WHAT THE TASK ASKS: Only the pictures should be left out; write out all other data exactly.

GIVEN DATA:
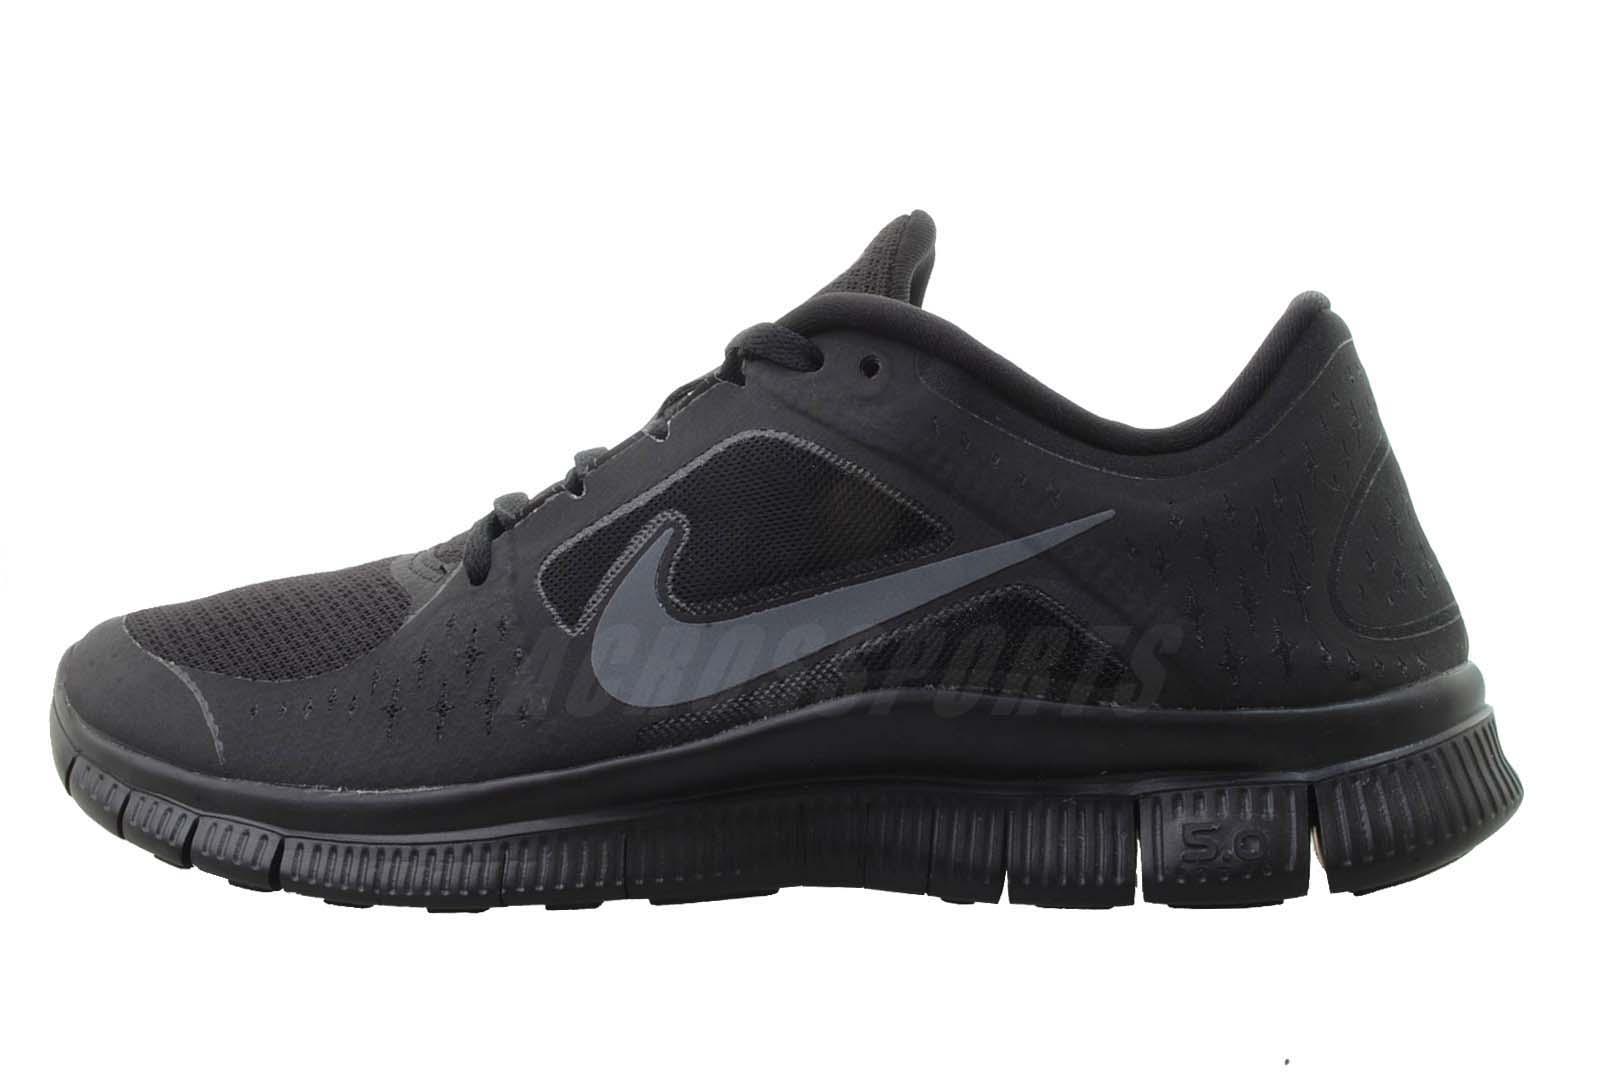 Nike Free Run 3 5.0 Mens Barefoot Lightweight Running ...
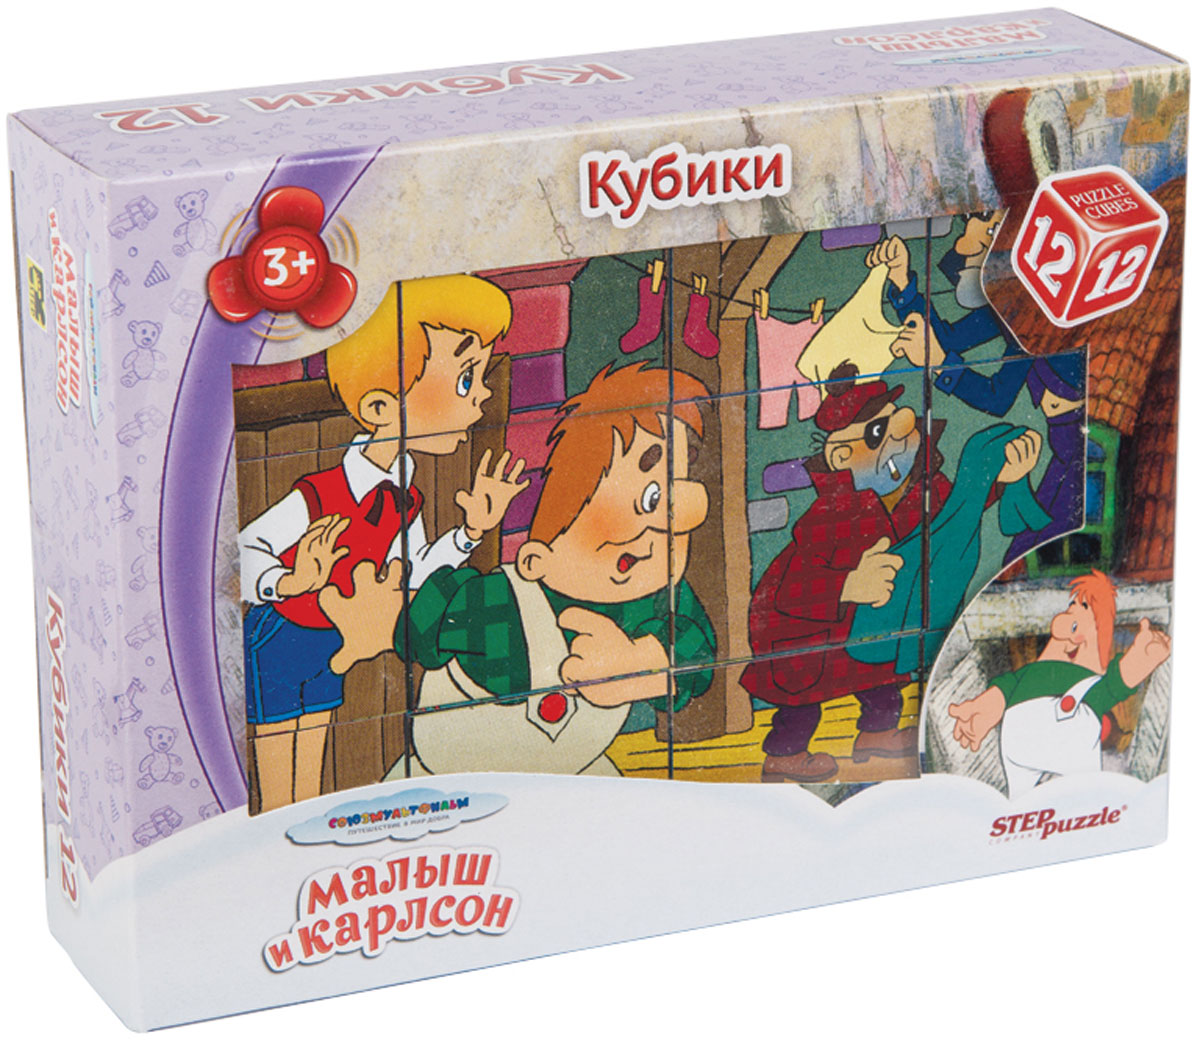 Step Puzzle Кубики Малыш и Карлсон кубики обучающие step by step кто где живет
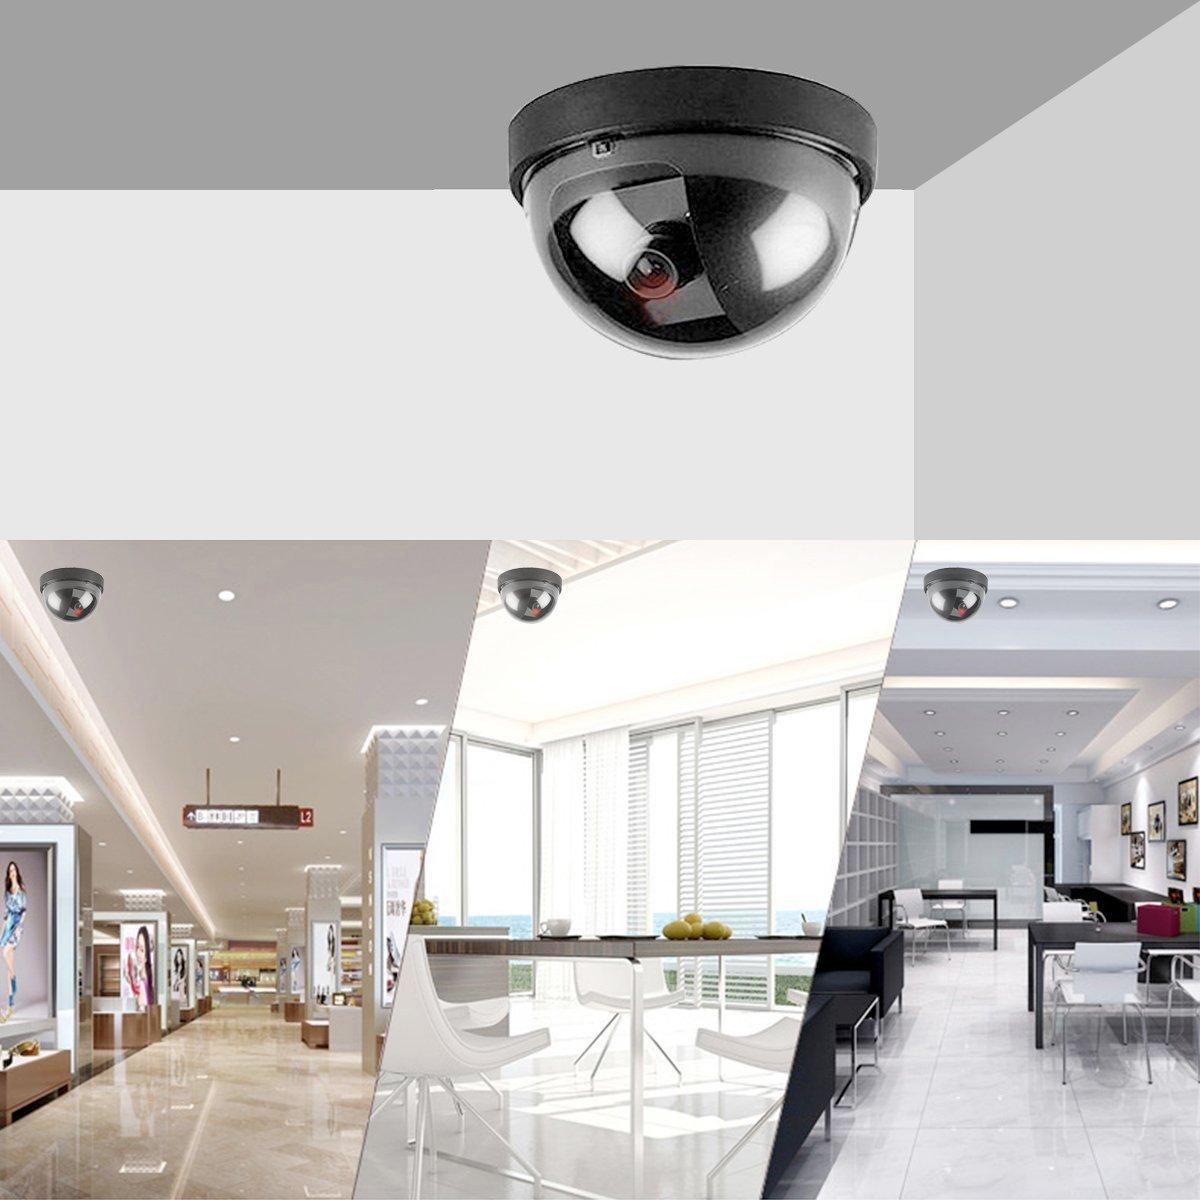 Maxesla 4 Pieza Cámara Falsa Dummy Cámara de Seguridad Vigilancia Falsa LED Parpadeante Inalámbrico Impermeable Sistema de Vigilancia Cámara Simulada CCTV ...
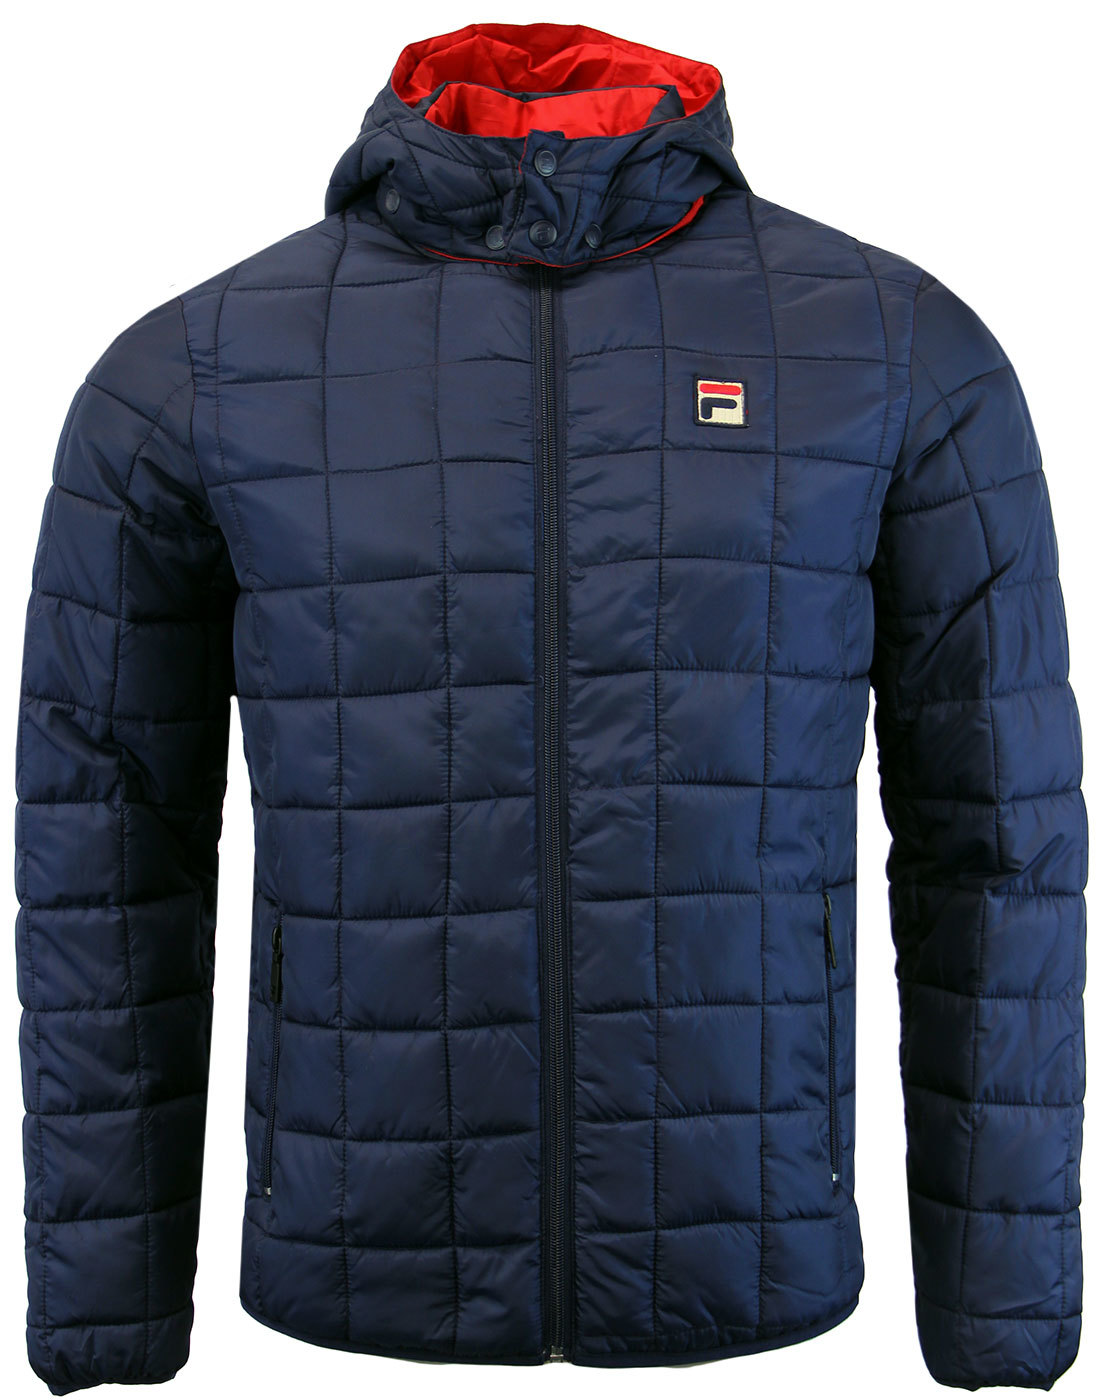 f7548f19058b FILA VINTAGE Passo Retro 70s Hooded Puffa Ski Jacket in Peacoat

EXERCISE SOLUTION:
 Nike Free Run 3 5.0 Mens Barefoot Lightweight Running ...
 Step Puzzle Кубики Малыш и Карлсон кубики обучающие step by step кто где живет
 Maxesla 4 Pieza Cámara Falsa Dummy Cámara de Seguridad Vigilancia Falsa LED Parpadeante Inalámbrico Impermeable Sistema de Vigilancia Cámara Simulada CCTV ...
 f7548f19058b FILA VINTAGE Passo Retro 70s Hooded Puffa Ski Jacket in Peacoat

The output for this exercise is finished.